▼▼▼

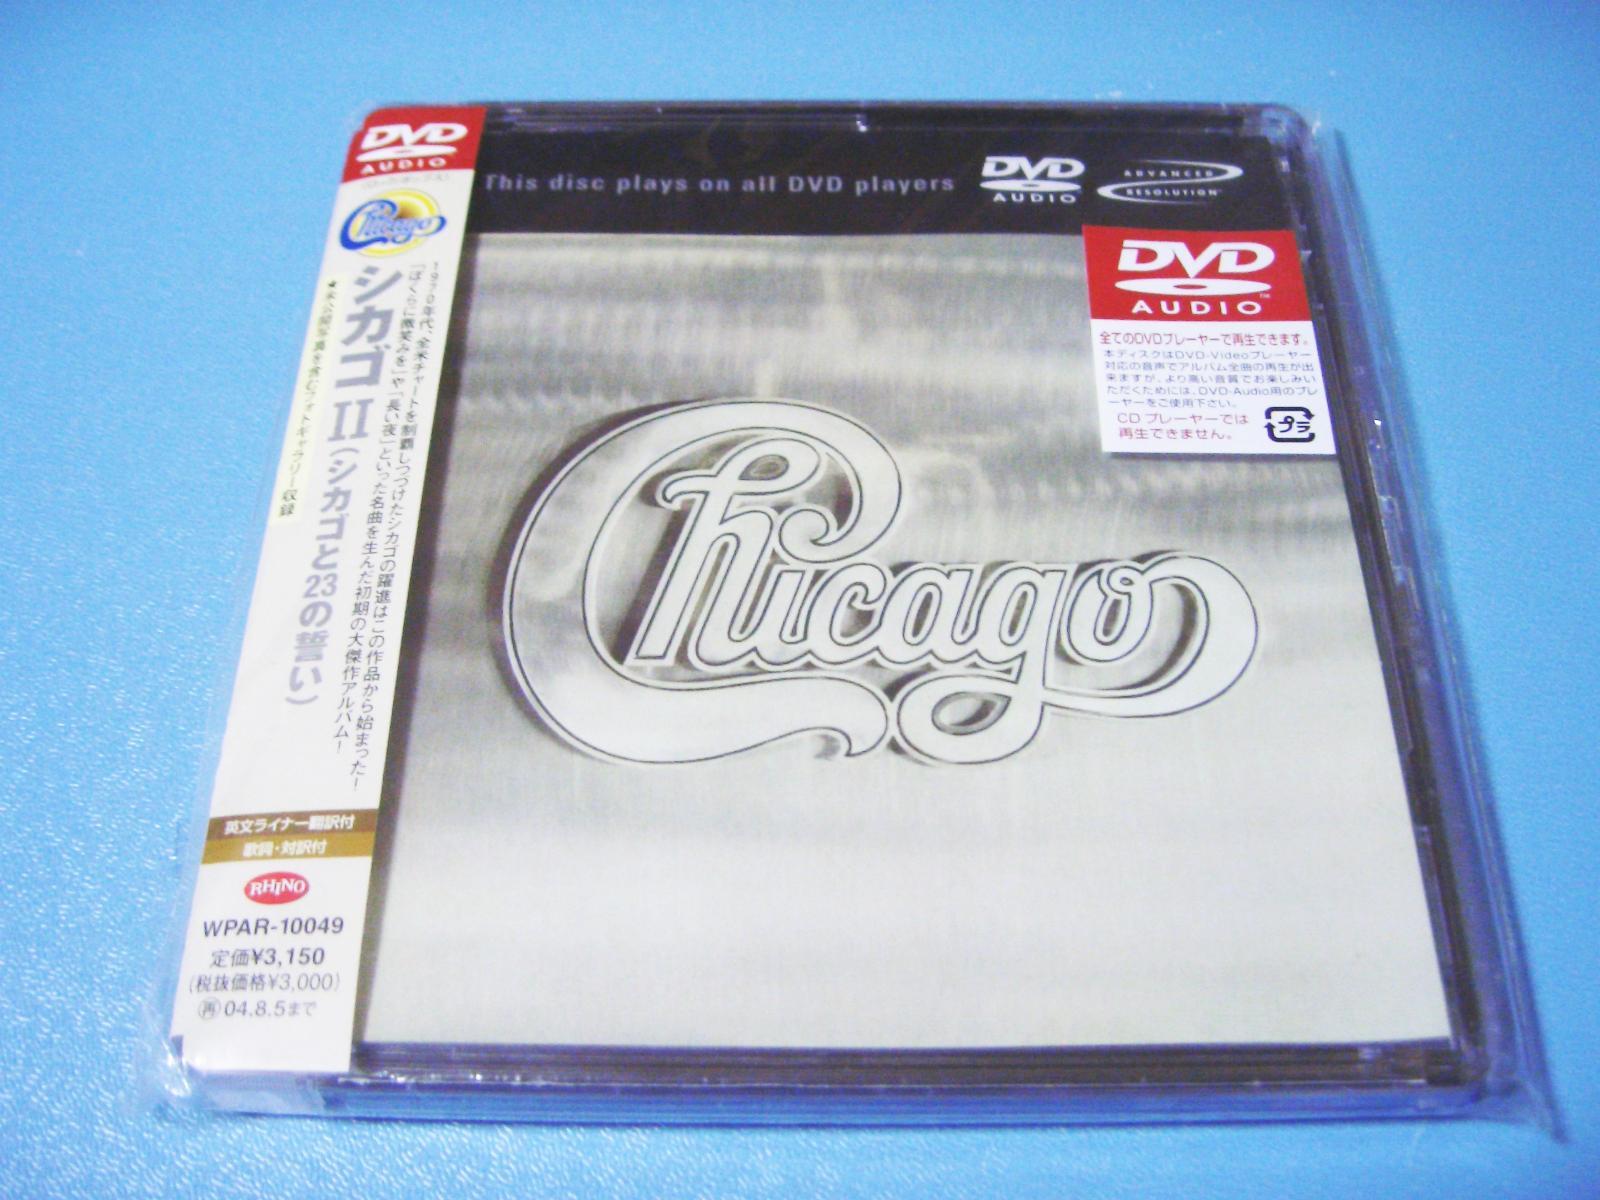 シカゴ / シカゴⅡ(シカゴと23の誓い)(DVD-AUDIO)_c0062649_22554531.jpg
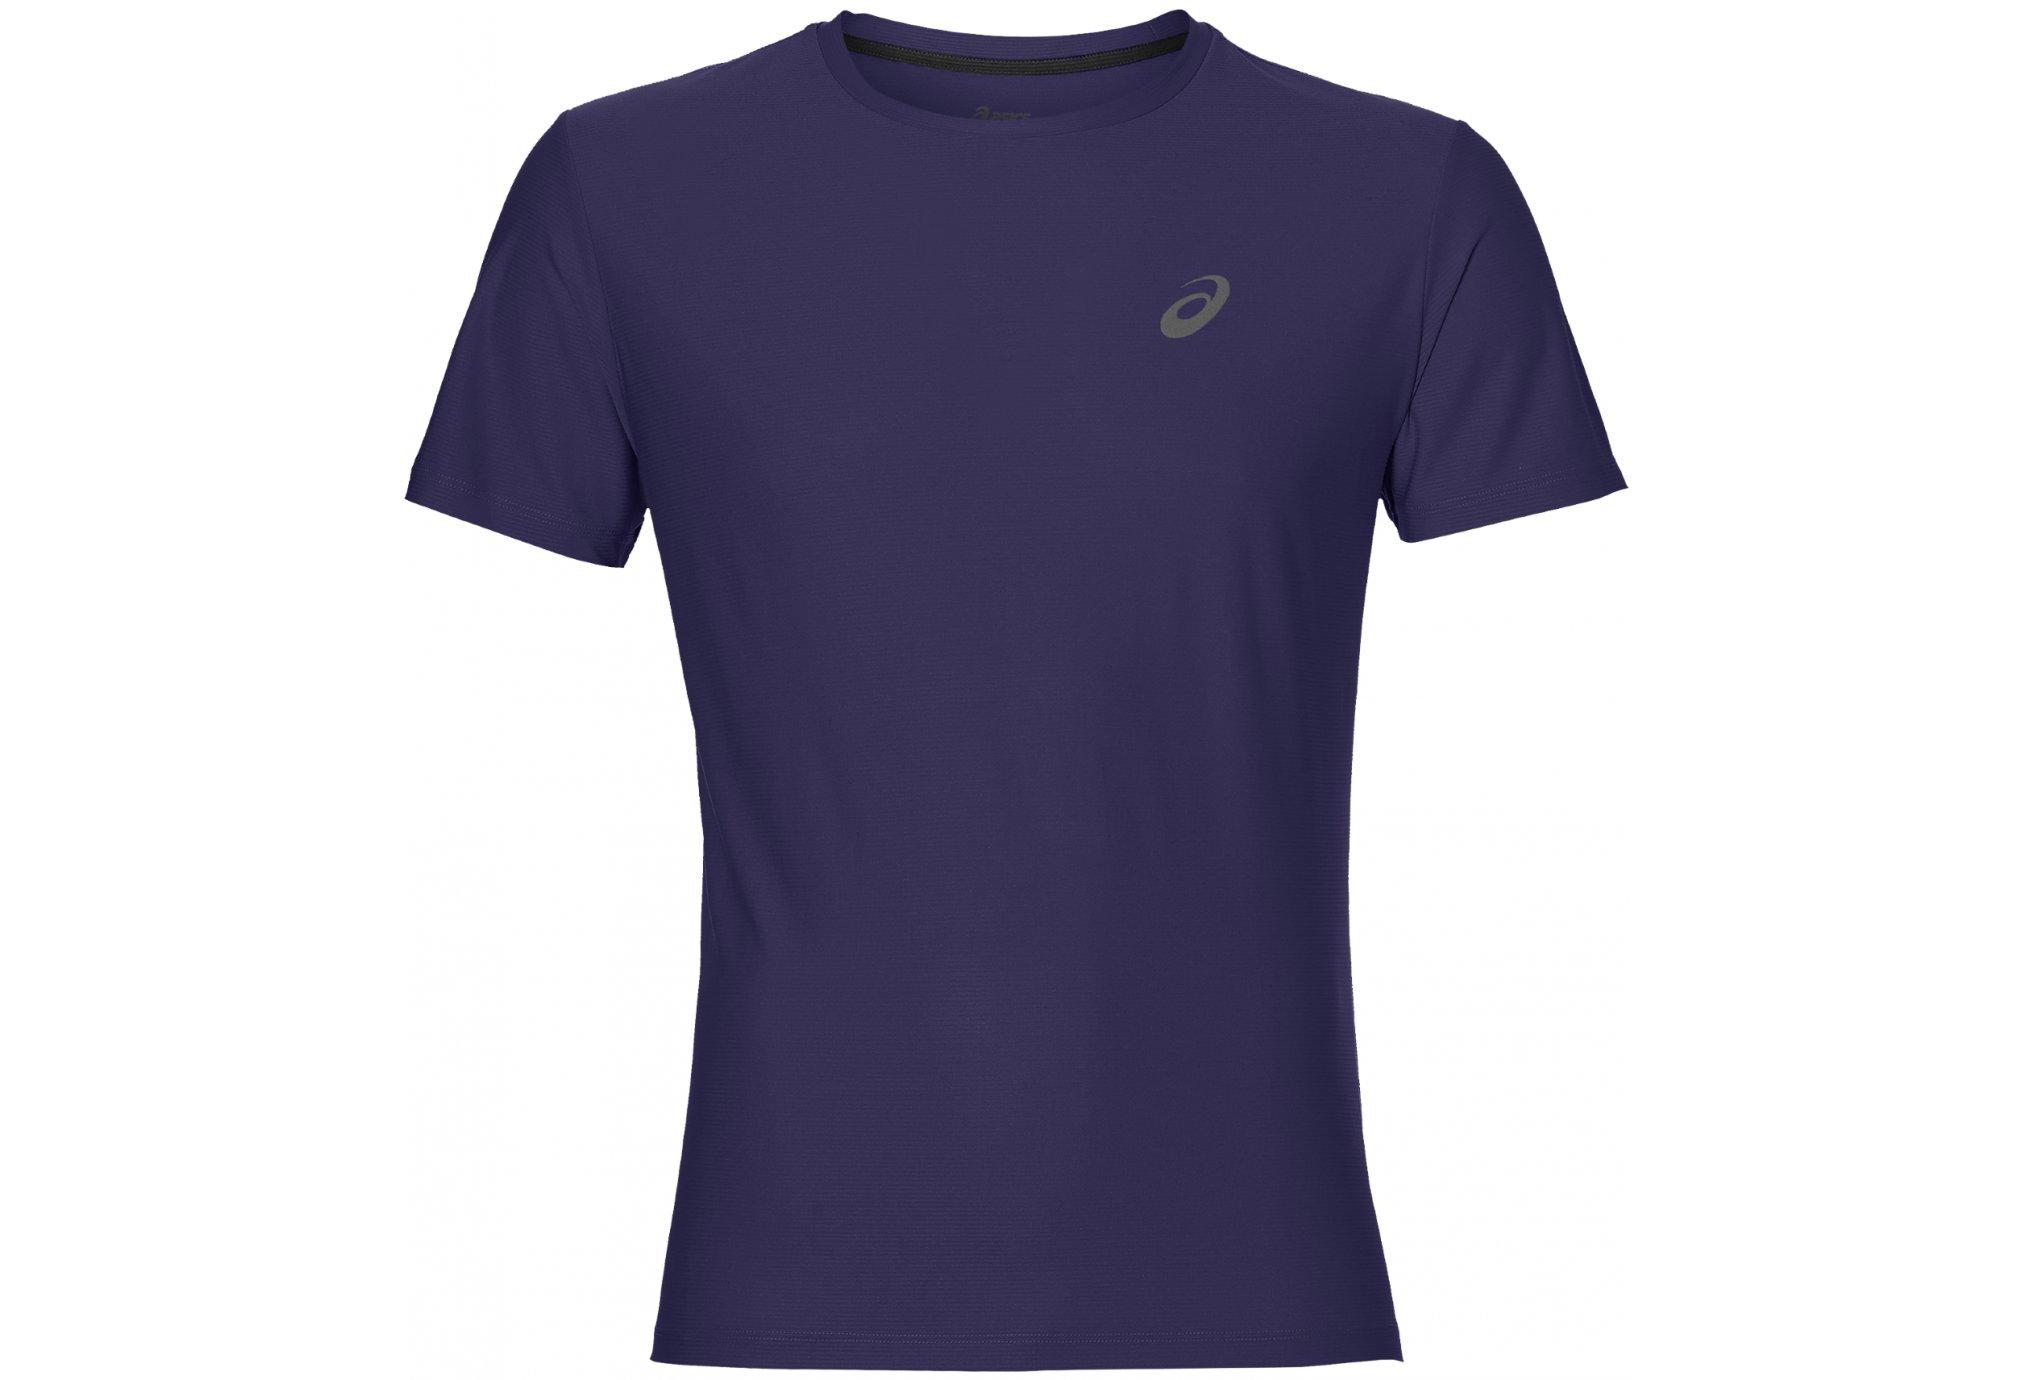 Asics Tee-shirt SS Top M vêtement running homme
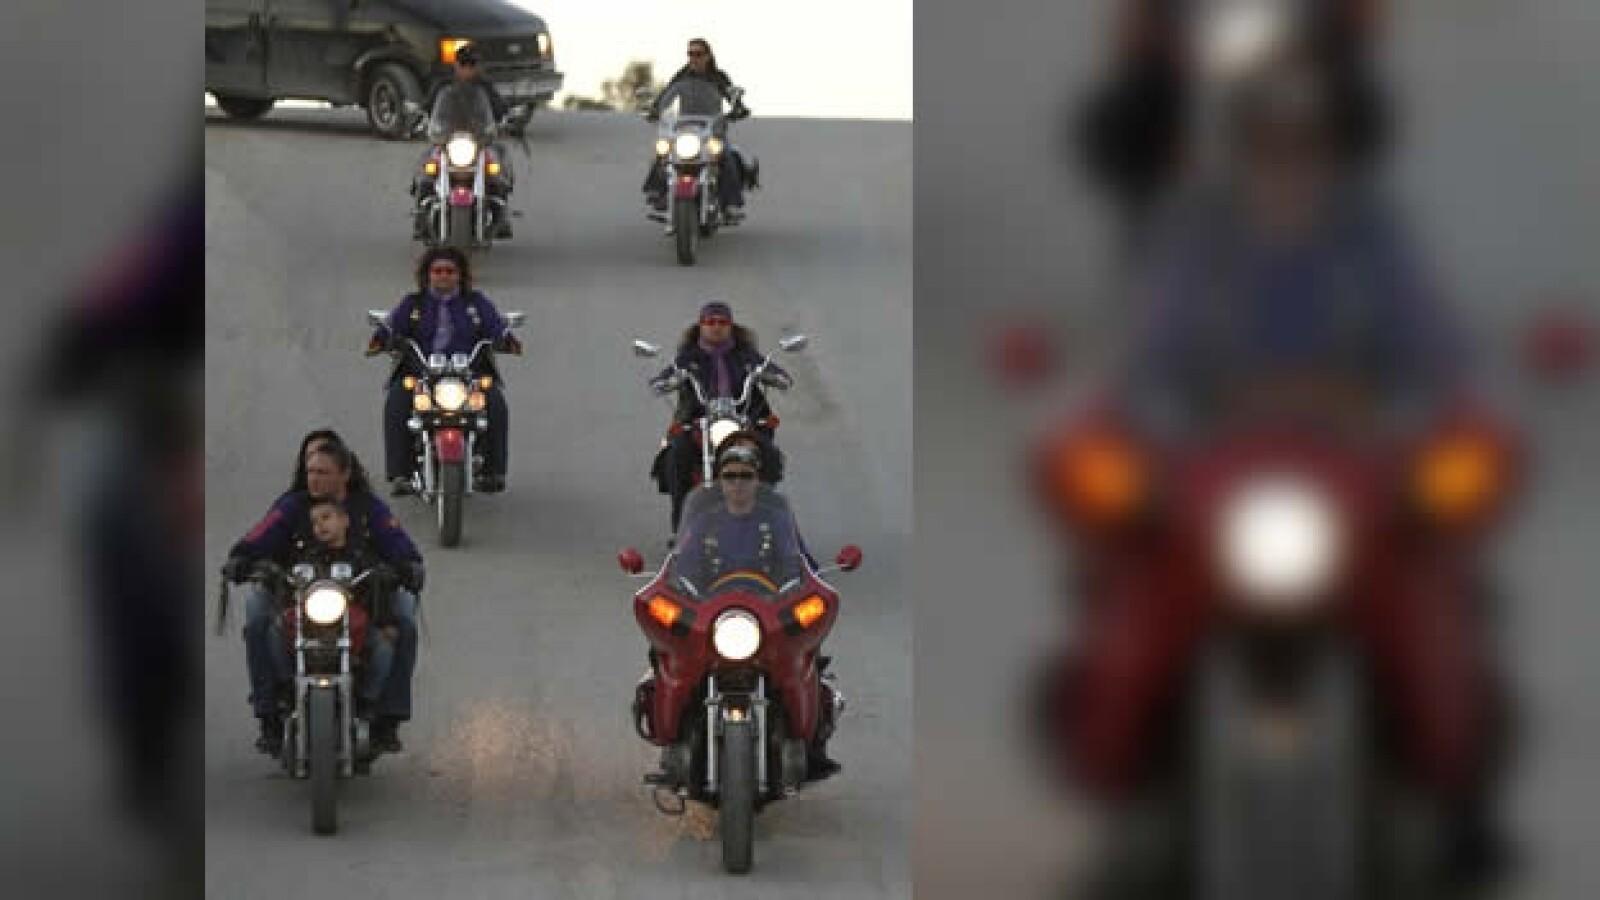 Las Guerreras motociclistas Ciudad Juarez
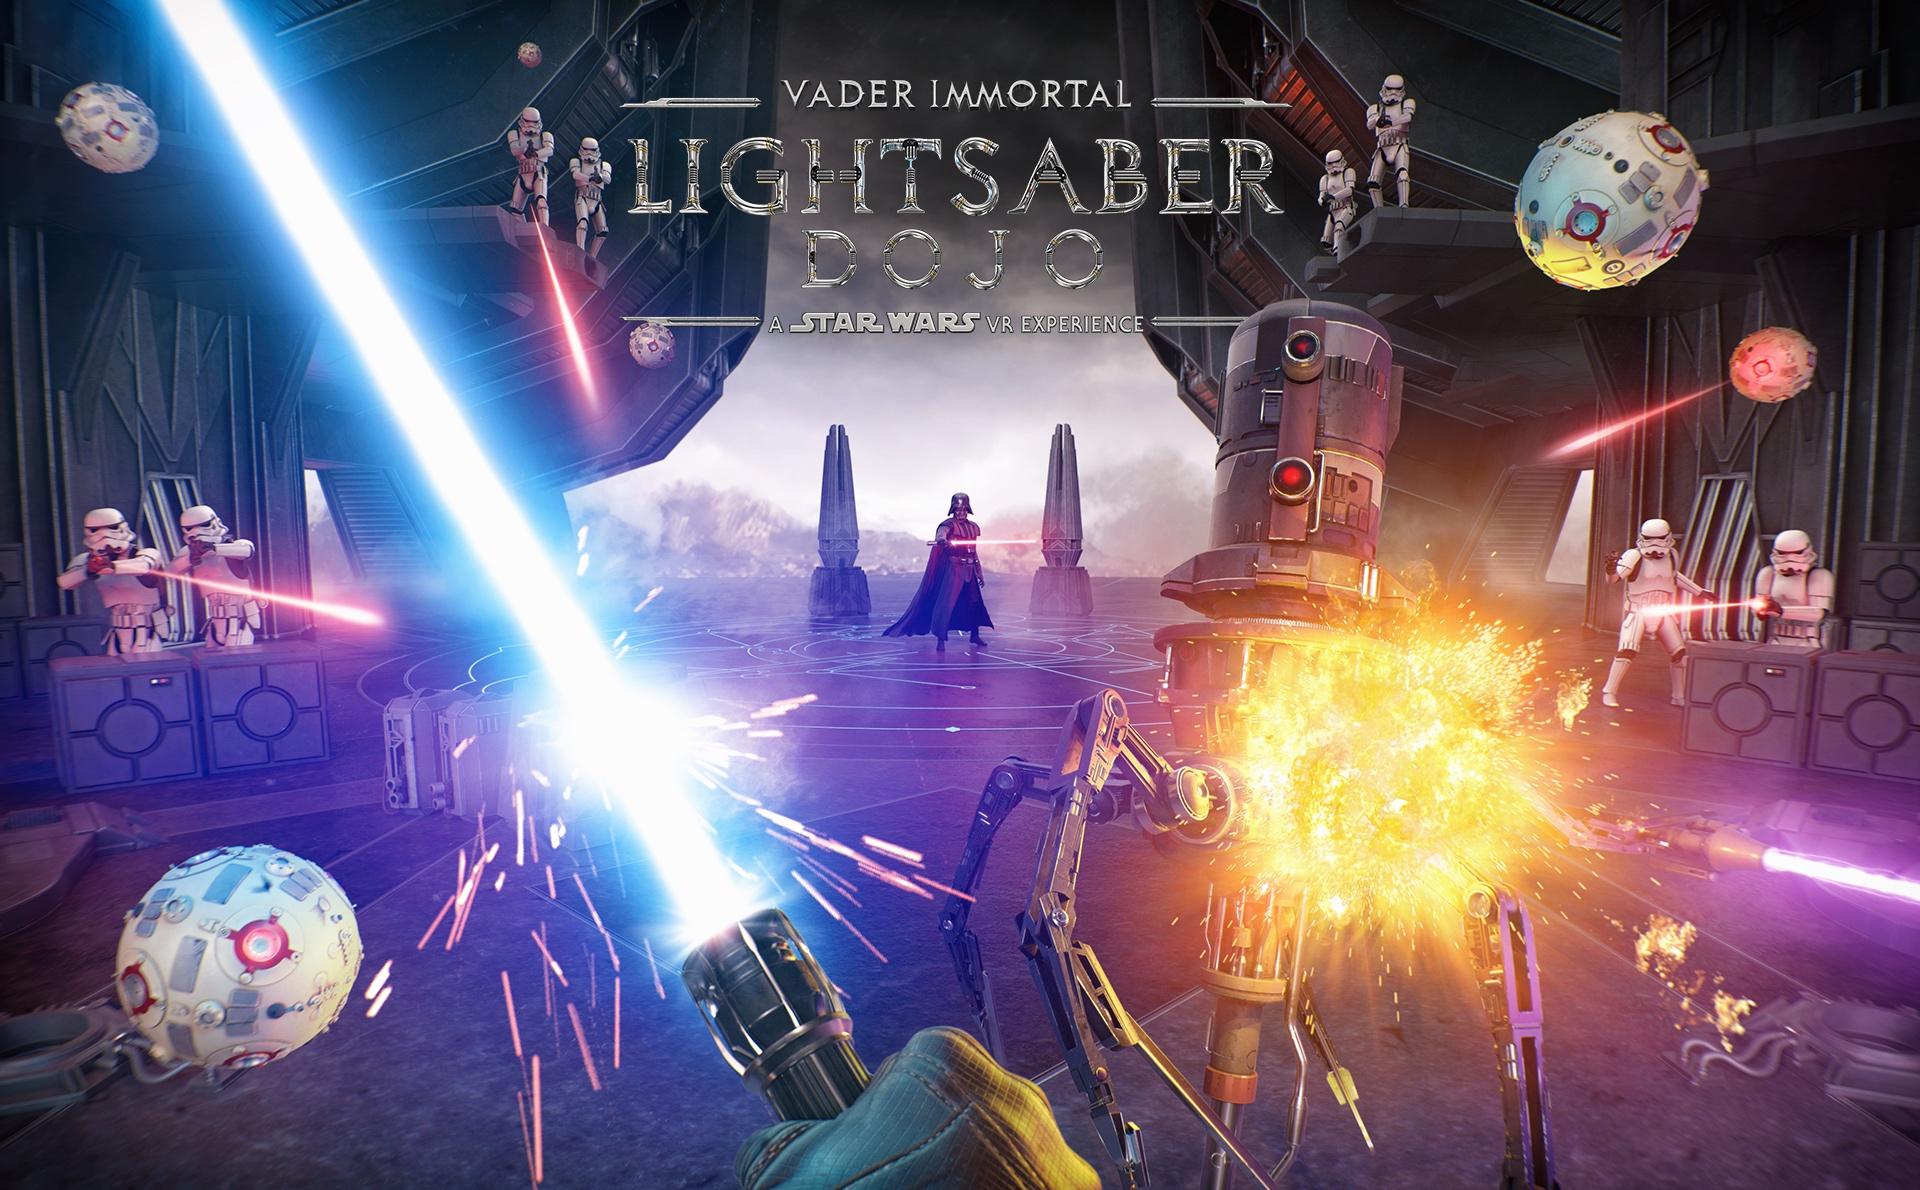 ILMxLAB, Vader Immortal Lightsaber Dogo, Darth Vader

▲▲▲

_What is needed_
A word-for-word retyping of the material above is expected, without pictures.

_Solved problem_
 シカゴ / シカゴⅡ(シカゴと23の誓い)(DVD-AUDIO)_c0062649_22554531.jpg
 Asics Tee-shirt SS Top M vêtement running homme
 Las Guerreras motociclistas Ciudad Juarez
 ILMxLAB, Vader Immortal Lightsaber Dogo, Darth Vader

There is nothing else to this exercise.